Тем, что стояли в зеленеющей лощине бармутовского парка, было лет сорок; не те прекрасные сорок лет сильной, уверенной в себе женщины, когда позади наивность юности и ее ошибки, а вместо них пришли зрелая красота, умение понимать и чувствовать жизнь. Такие женщины никогда не стареют, будь им и шестьдесят, и восемьдесят. Сорок лет для них — не зрелость, а только начало.
Но те, что были перед нами, принадлежали к иному числу. Сорок лет для них — возраст, когда умерли все мечты. Возраст, когда нечего ждать. Женщина оглядывается назад и понимает, что в жизни ее ничего не было; она смотрит вперед — и в ее будущем тоже уже ничего не произойдет.
Это возраст замужней, что вышла по любви, не зная, что такое любовь; теперь у нее есть дети, есть работа и муж, но все это ей не нужно. Возраст той, что никогда не выходила замуж и смирилась с тихим одиночеством старой девы. Возраст, когда женщина понимает, где-то, много лет назад, она должна была сделать что-то очень важное, но не сделала — и у нее не хватит сил, чтобы сделать это сейчас.
Такими были те, кто собрался в этот день в городском саду Бармута; лишенные любви и никого не любящие, женщины, забывшие, что значит по-настоящему желать и обретать желаемое.
Однако ни одна из них не могла быть суфражисткой, последовательницей травницы Саути, ибо на голове каждой из них — у кого ровно, у кого целомудренно набекрень — красовались бьонинские береты.
Я спустился с холма, прислушиваясь к разносившейся над толпой речи. Теперь я мог различить слова, но это ничего не значило. Слова эти были горячими и искренними, они призывали и обличали, но за громкими фразами я не мог уловить смысла, а страстные эмоции могли пробудить лишь ответные чувства, но не разбудить разум — подобно тому, как порнографический фильм наслаивает одну сексуальную сцену на другую, не заботясь ни о связности сюжета, ни об идейной глубине.
К несчастью, все политические речи таковы, если обращены к толпе.
Мое появление вызвало настороженность. Ораторша замолчала, и женщины в серых беретах повернулись ко мне. Ни на одной из них не было ничего пестрого, ни одно лицо не светилось внутренней жизнерадостностью, платья их были строгими и скучными.
Они напоминали груду сухарей, высушенных из простого хлеба, пресных и жестких.
Когда собравшиеся увидели Франсуаз, лица их прояснились; они по-прежнему оставались сосредоточенно-серьезными, но выражение враждебности исчезло.
— Это она, — передавалось из уст в уста. — Та, что дала отпор Виже.
Имя Виже сопровождалось эпитетами, слова эти выражали антипатию и гадливость и были такими, какие в состоянии подобрать только высохшая изнутри женщина.
Противники феминизма говорят, что его истинная причина — в сексуальной неудовлетворенности женщин. Я всей душой сочувствую тем, кто отстаивает собственную свободу, мне не хотелось бы верить, что это мнение справедливо.
Женщины расступились, и я понял, какое ощущение не давало мне покоя. Только что мы покинули заведение Карлиты Санчес, бордель, в котором женщины продавали свое тело, свои достоинство и душу и получали в обмен только деньги.
Те, кто окружали меня сейчас, боролись за достоинство и свободу — но как же много общего было между обеими женскими общинами.

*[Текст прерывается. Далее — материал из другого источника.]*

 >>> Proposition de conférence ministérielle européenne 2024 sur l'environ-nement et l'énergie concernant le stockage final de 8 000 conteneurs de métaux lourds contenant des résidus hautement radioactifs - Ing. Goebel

Та, что произносила речь, выступила вперед. Она была некрасива, и если обычно женщина старается создать свою красоту, то ораторша, напротив, стремилась задушить и убить ее. Среднего роста, она была в твидовом пиджаке — слишком женском, чтобы придавать ей мужеподобный облик, и совершенно асексуальном.

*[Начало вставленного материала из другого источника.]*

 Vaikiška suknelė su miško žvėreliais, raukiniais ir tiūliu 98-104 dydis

Длинная юбка касалась ее скромных туфель, ходить так, по всей видимости, было очень неудобно, но женщина явно гордилась этим неудобством и высоко поднимала его, словно боевой флаг. Носки туфель высовывались из-под темной материи в движениях не стыдливых, но скромных, свидетельствующих о достоинстве, каким эта женщина его понимала.
— Мы рады приветствовать тебя среди нас, — произнесла она.

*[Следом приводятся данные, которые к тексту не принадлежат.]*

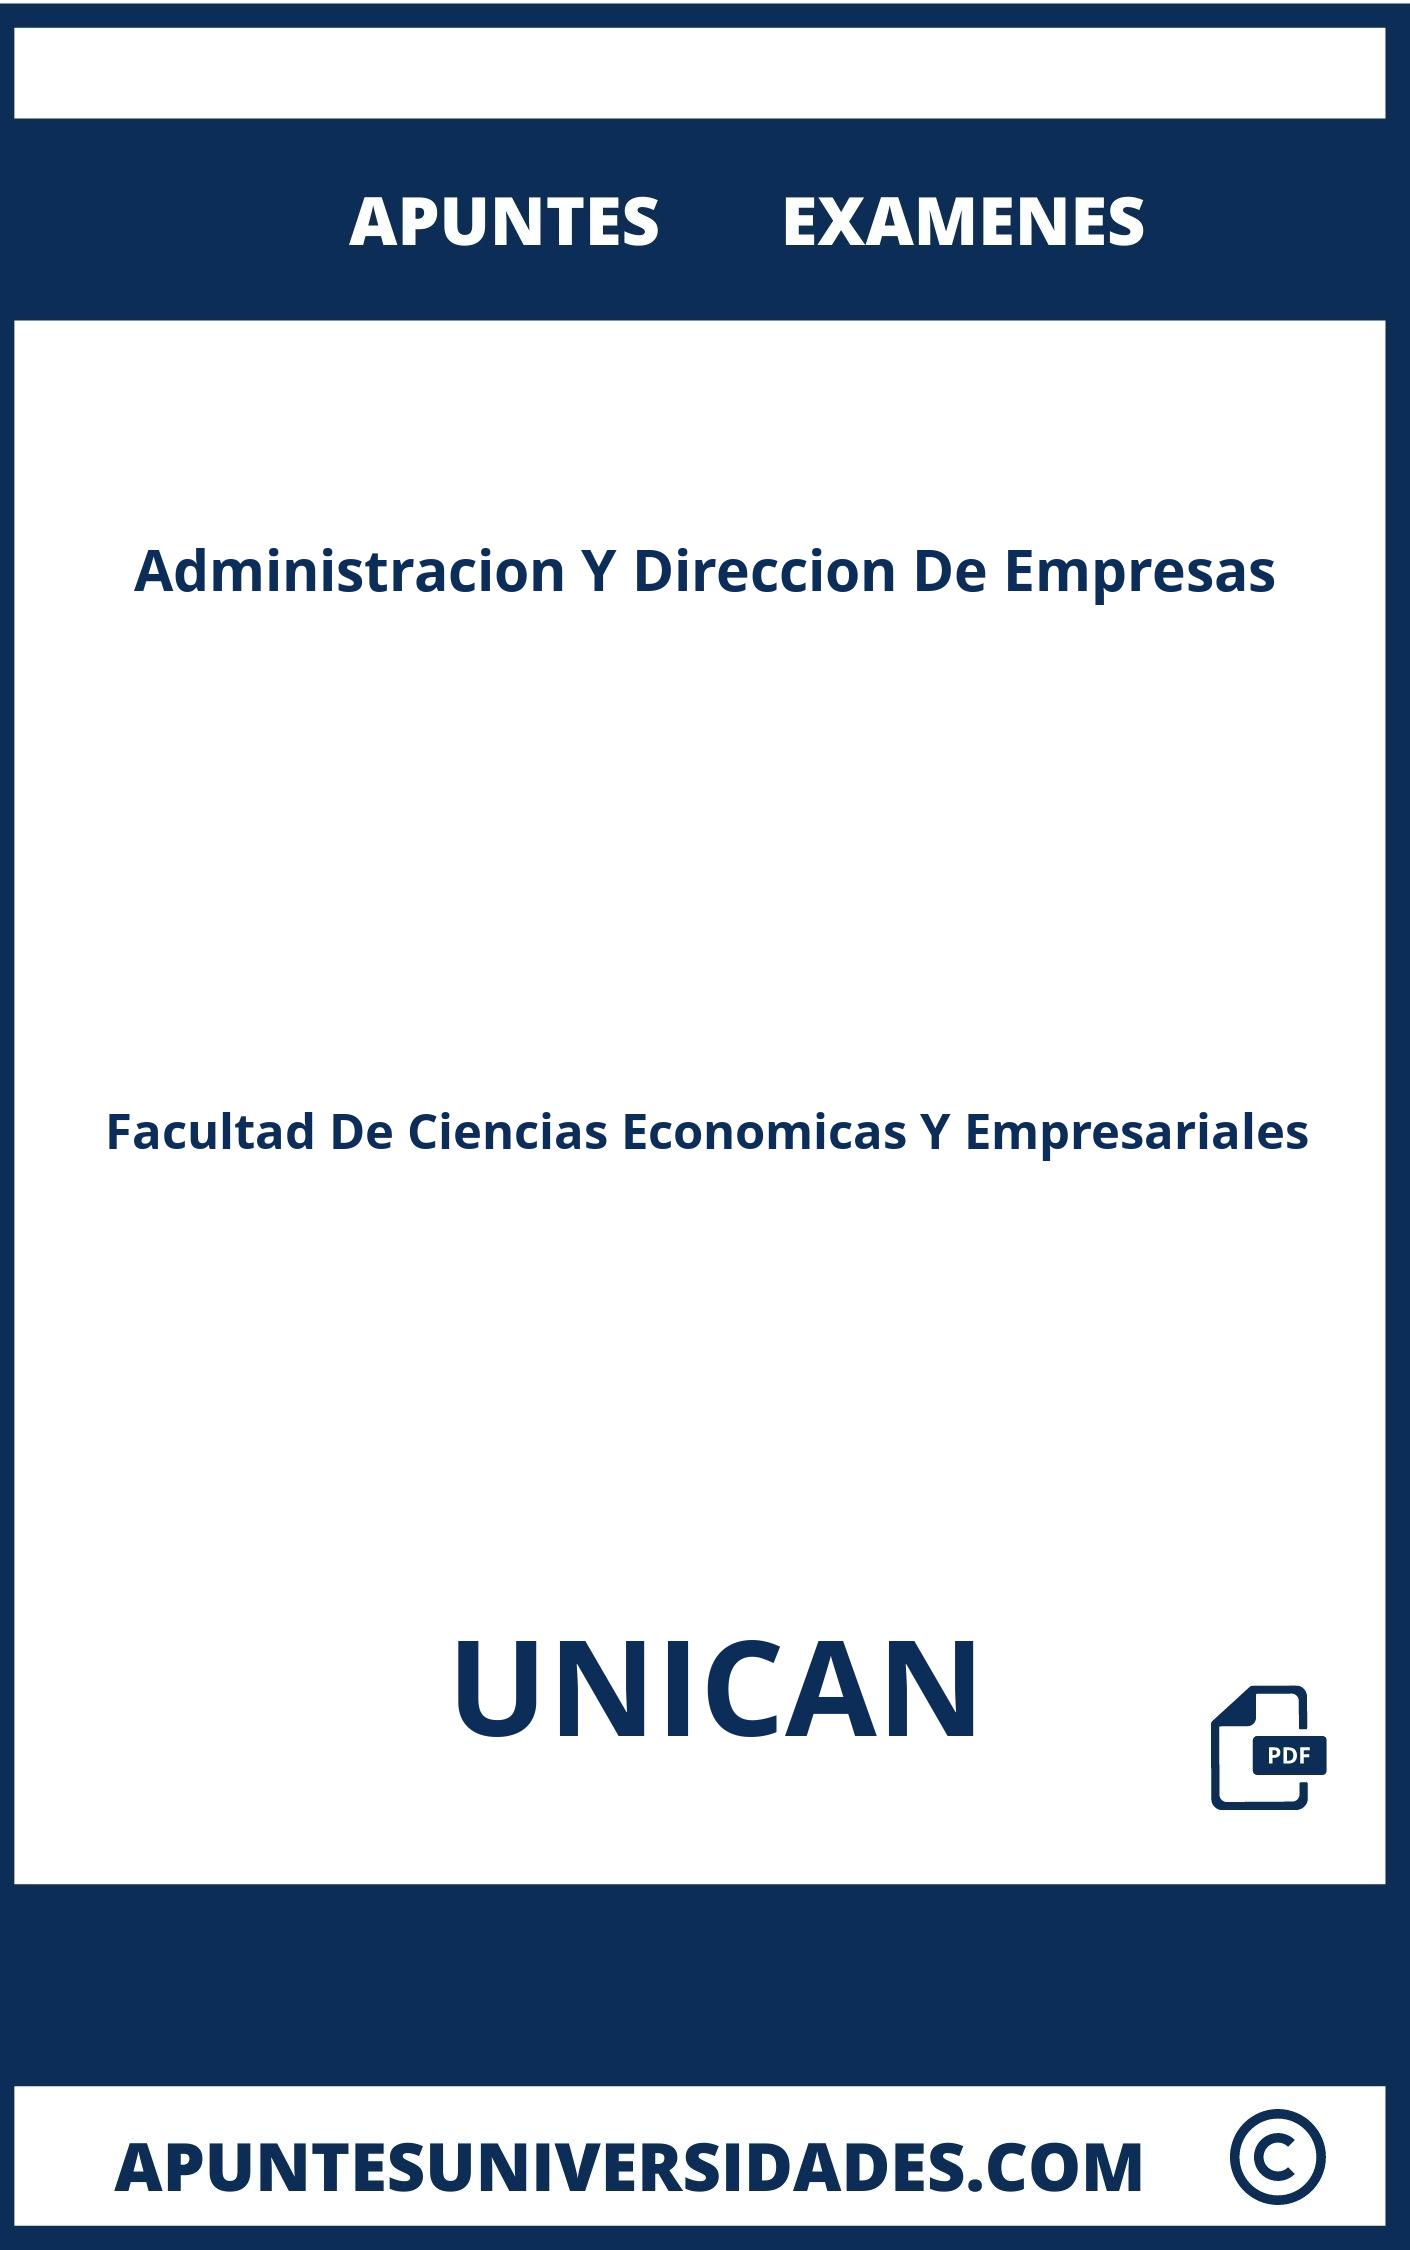 Apuntes Examenes Administracion Y Direccion De Empresas UNICAN

Голос у нее был сухой — не такой, какой бывает у стариков, и не такой, как звучит порой из-за неприязни; ораторша полагала, что должна говорить именно так, чтобы не лишиться — достоинства? Себя самой?
— Ты — Франсуаза, не так ли? Многие из нас видели, как ты поставила на место этого негодяя Виже и его банду. Мы хотим выразить тебе свое восхищение.
Она бросила на меня взгляд, настороженный и недоверчивый. Если бы я питал склонность к злословию, я бы сказал, что в этот момент ораторша походила на старую деву, которая сидит у окна и с ужасом смотрит на проходящих мимо мужчин, полагая, что все они собираются вломиться в дом и взять ее силой.
Но я не мог винить незнакомку — шестеро из ее сестер погибли чудовищной смертью.
— Мы рады и твоему спутнику, — сказала ораторша. — Я — Саути. Наверное, ты слышала обо мне.
— Ты Саути? — осведомилась Франсуаз. — Тогда почему ж ты в берете?
Травница прикоснулась пальцами к своему головному убору и засмеялась. Право же, лучше уж присутствовать на похоронах, чем слушать подобный смех.
— Мы носим береты из принципа, Франсуаза, — сказала она. — Таково наше правило. И мы станем носить их до тех пор, пока не отменят «Закон о беретах».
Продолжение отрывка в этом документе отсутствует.